** Opening Source material block **
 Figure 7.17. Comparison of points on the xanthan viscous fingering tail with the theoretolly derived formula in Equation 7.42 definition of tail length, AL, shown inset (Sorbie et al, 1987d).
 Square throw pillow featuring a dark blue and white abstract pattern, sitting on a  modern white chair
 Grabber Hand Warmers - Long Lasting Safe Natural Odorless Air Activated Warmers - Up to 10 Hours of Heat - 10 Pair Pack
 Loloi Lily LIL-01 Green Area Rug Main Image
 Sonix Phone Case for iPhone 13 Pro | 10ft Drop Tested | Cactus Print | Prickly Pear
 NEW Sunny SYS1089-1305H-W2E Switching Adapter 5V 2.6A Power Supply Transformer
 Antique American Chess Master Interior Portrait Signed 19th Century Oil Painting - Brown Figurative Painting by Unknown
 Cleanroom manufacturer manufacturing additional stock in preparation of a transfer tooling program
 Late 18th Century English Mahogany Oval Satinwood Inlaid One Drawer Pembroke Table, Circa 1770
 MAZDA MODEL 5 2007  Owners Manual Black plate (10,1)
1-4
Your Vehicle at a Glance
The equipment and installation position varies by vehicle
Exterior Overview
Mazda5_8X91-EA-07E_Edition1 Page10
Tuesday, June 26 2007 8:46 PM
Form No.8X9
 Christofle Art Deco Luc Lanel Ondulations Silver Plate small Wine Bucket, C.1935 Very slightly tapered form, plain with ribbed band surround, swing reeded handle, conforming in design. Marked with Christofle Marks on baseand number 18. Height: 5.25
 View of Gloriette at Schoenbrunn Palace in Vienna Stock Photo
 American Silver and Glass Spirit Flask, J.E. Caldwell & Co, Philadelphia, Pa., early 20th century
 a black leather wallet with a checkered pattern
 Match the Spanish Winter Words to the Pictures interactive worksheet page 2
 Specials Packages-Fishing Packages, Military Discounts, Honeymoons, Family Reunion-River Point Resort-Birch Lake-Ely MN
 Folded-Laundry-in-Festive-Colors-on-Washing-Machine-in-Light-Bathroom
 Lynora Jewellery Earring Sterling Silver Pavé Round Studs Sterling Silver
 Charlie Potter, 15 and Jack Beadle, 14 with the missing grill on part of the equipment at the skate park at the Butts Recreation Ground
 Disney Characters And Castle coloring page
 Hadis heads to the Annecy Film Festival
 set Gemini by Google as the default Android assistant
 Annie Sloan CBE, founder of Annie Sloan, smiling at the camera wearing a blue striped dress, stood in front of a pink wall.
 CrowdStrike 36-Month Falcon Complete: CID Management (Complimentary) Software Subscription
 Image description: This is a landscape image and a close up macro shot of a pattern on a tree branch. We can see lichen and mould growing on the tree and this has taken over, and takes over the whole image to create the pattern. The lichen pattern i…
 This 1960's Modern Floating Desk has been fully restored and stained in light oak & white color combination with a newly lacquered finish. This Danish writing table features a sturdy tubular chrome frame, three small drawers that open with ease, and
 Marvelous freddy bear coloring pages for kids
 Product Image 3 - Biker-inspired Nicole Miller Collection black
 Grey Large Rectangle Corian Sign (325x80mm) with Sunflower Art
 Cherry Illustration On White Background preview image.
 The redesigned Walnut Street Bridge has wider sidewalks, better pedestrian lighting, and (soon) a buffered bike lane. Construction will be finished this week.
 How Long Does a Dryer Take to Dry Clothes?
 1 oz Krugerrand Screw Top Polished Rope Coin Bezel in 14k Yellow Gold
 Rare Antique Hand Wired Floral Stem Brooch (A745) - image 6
** Closing Source material block **
What you should do | Show every line in the entries above that contains the string "equipment".

Written answer |
The equipment and installation position varies by vehicle
 Charlie Potter, 15 and Jack Beadle, 14 with the missing grill on part of the equipment at the skate park at the Butts Recreation Ground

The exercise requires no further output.